◆ **ACTIVITY**
Using the material below, repeat exactly the lines from the one with "Android application Gaminator" through the one with "Guess Women's Bracelet", ends included, without any images.
++++ SUPPLIED DATA ++++
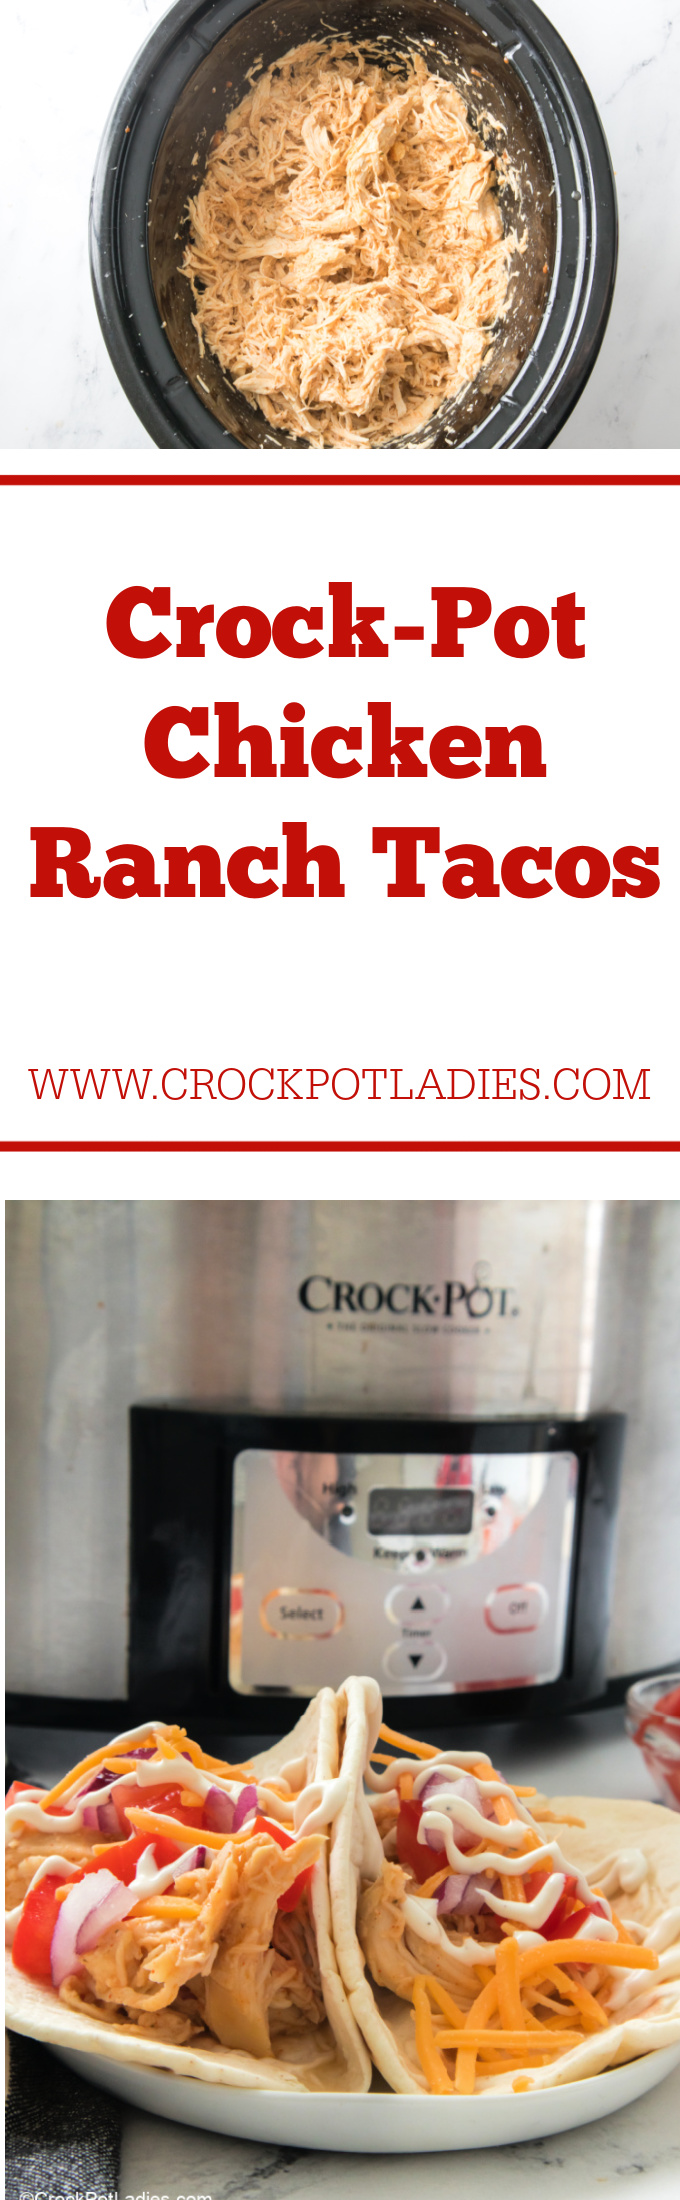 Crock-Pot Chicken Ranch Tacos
++++
++++ SUPPLIED DATA ++++
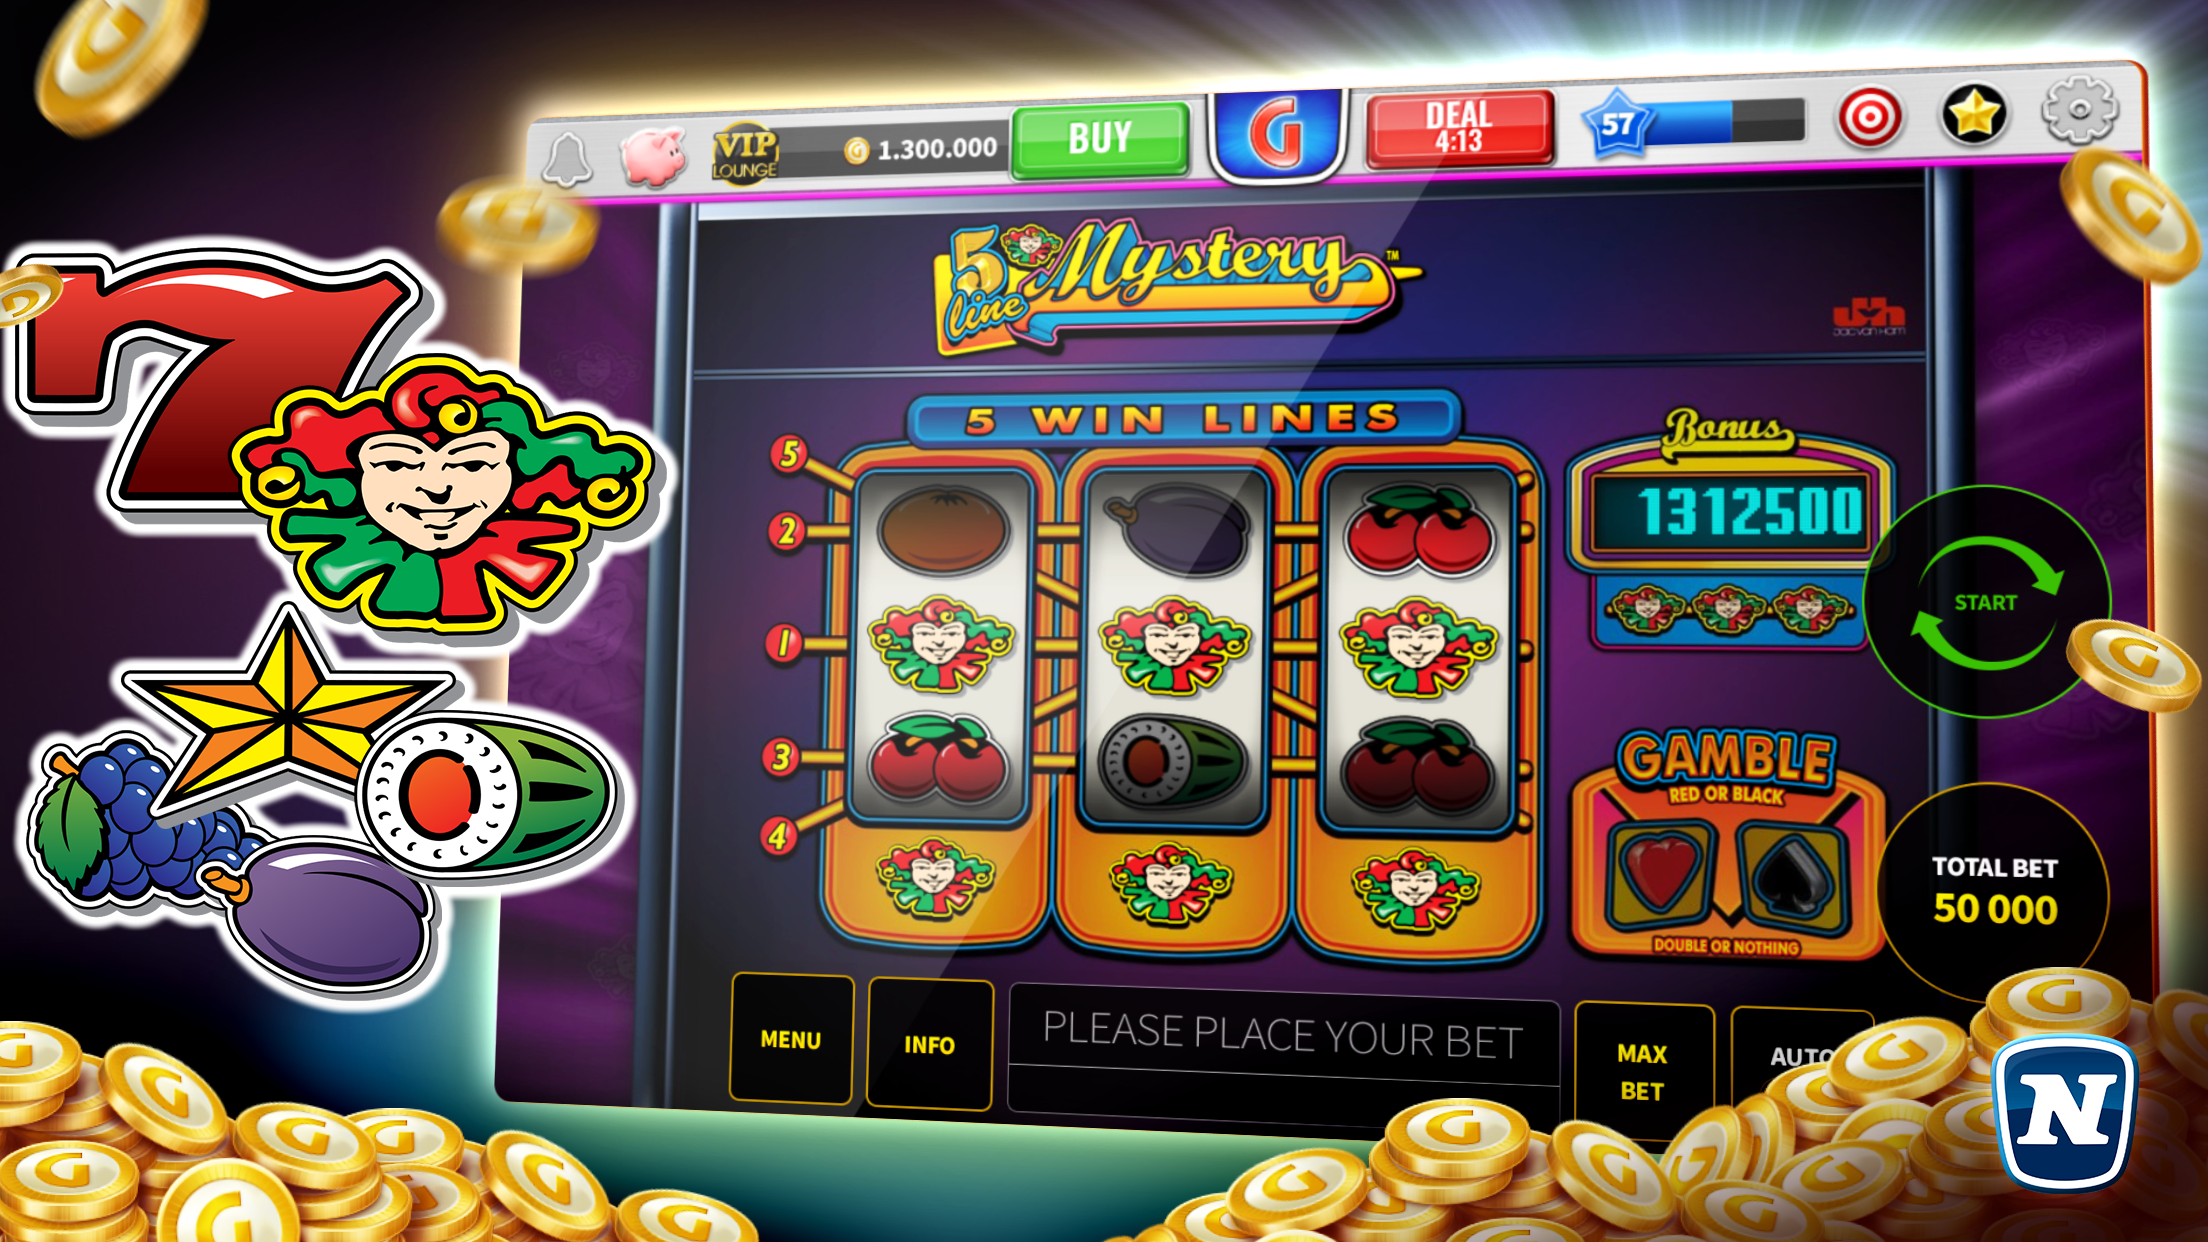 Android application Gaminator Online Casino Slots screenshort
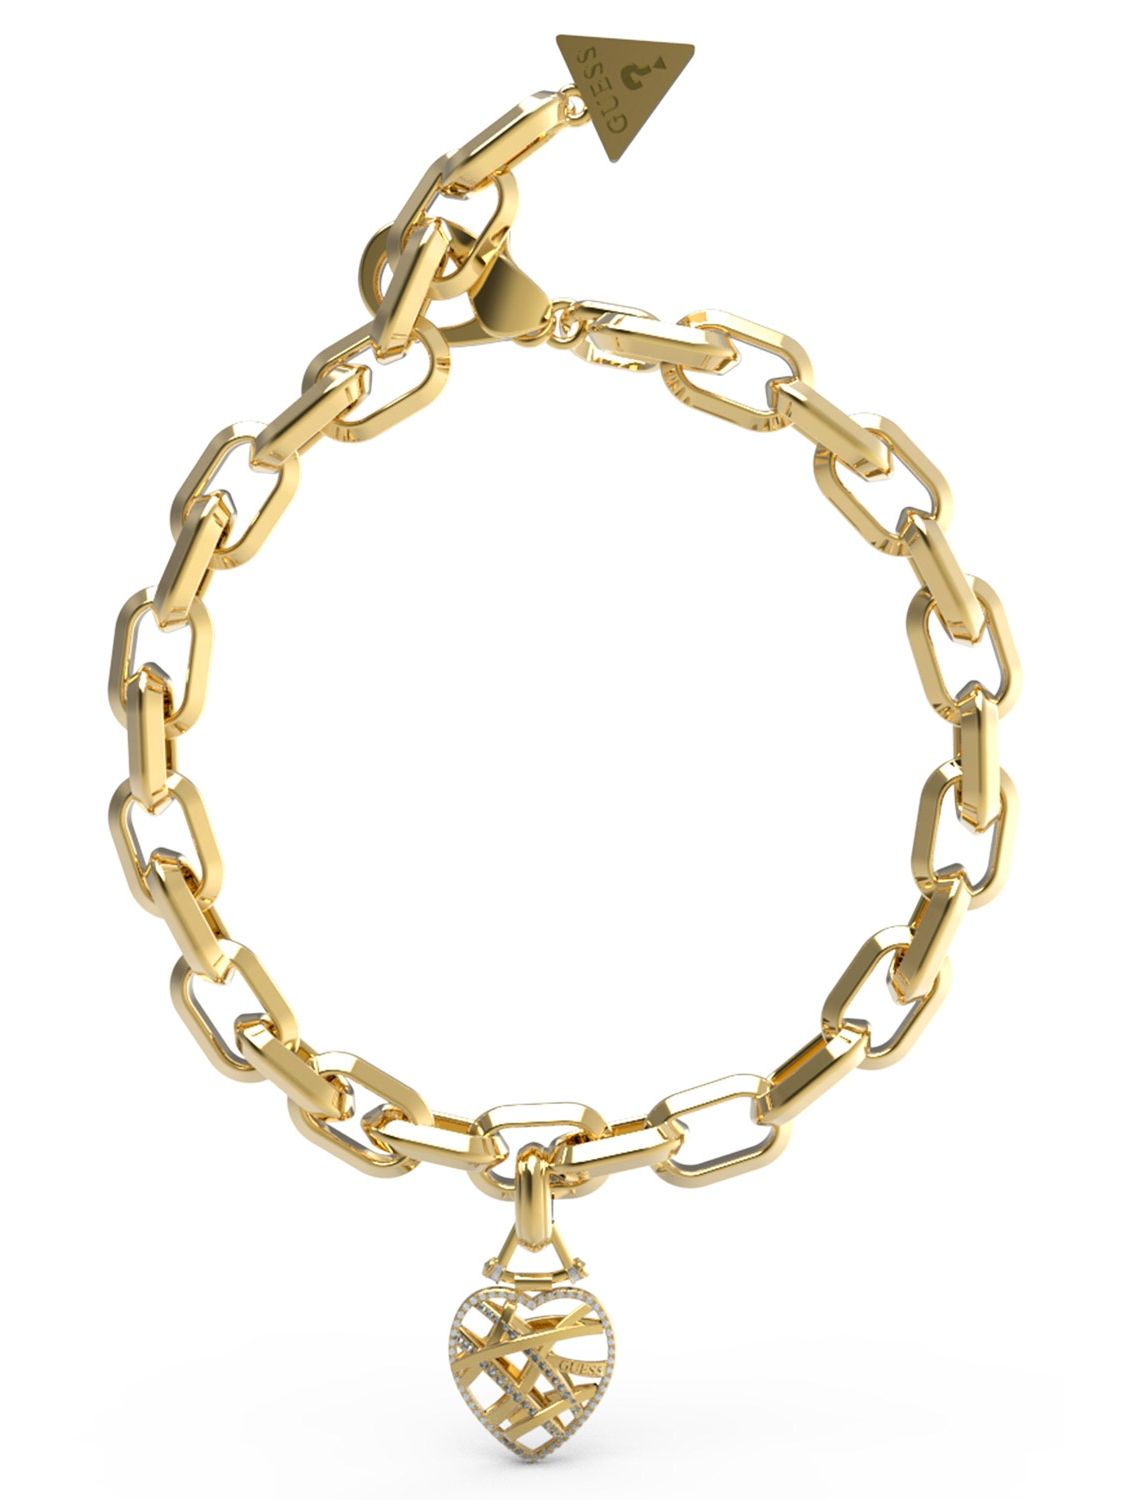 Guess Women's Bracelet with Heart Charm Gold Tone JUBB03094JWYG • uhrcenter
++++
++++ SUPPLIED DATA ++++
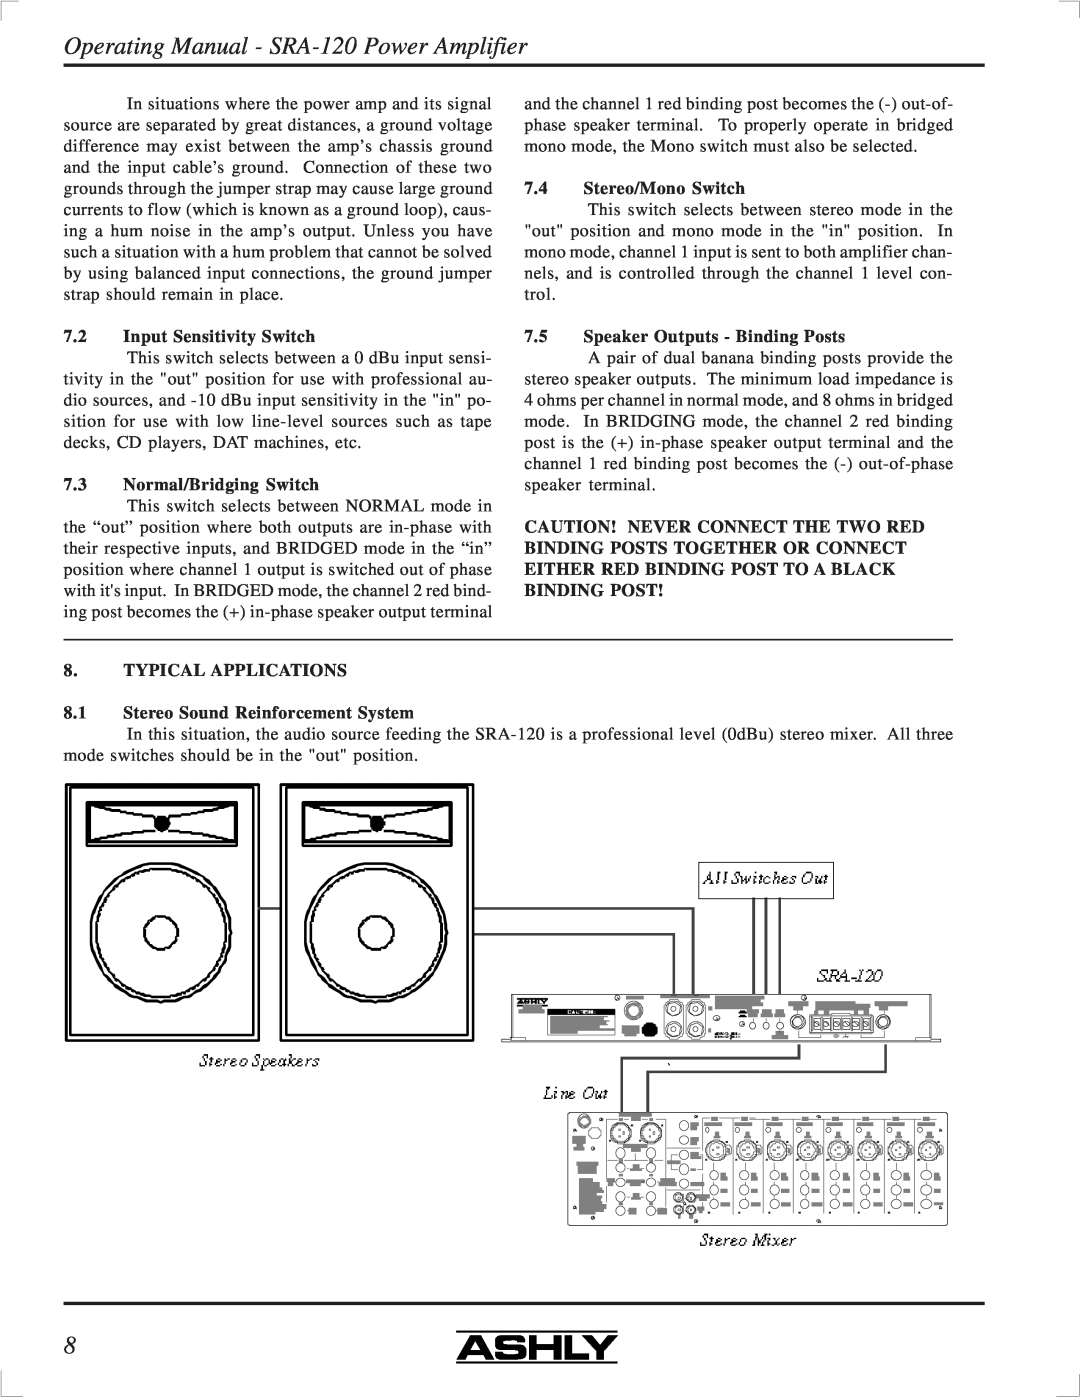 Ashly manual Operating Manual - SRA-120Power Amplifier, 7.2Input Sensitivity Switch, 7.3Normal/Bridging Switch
++++
◆ **EXERCISE RESPONSE**
 Android application Gaminator Online Casino Slots screenshort
 Guess Women's Bracelet with Heart Charm Gold Tone JUBB03094JWYG • uhrcenter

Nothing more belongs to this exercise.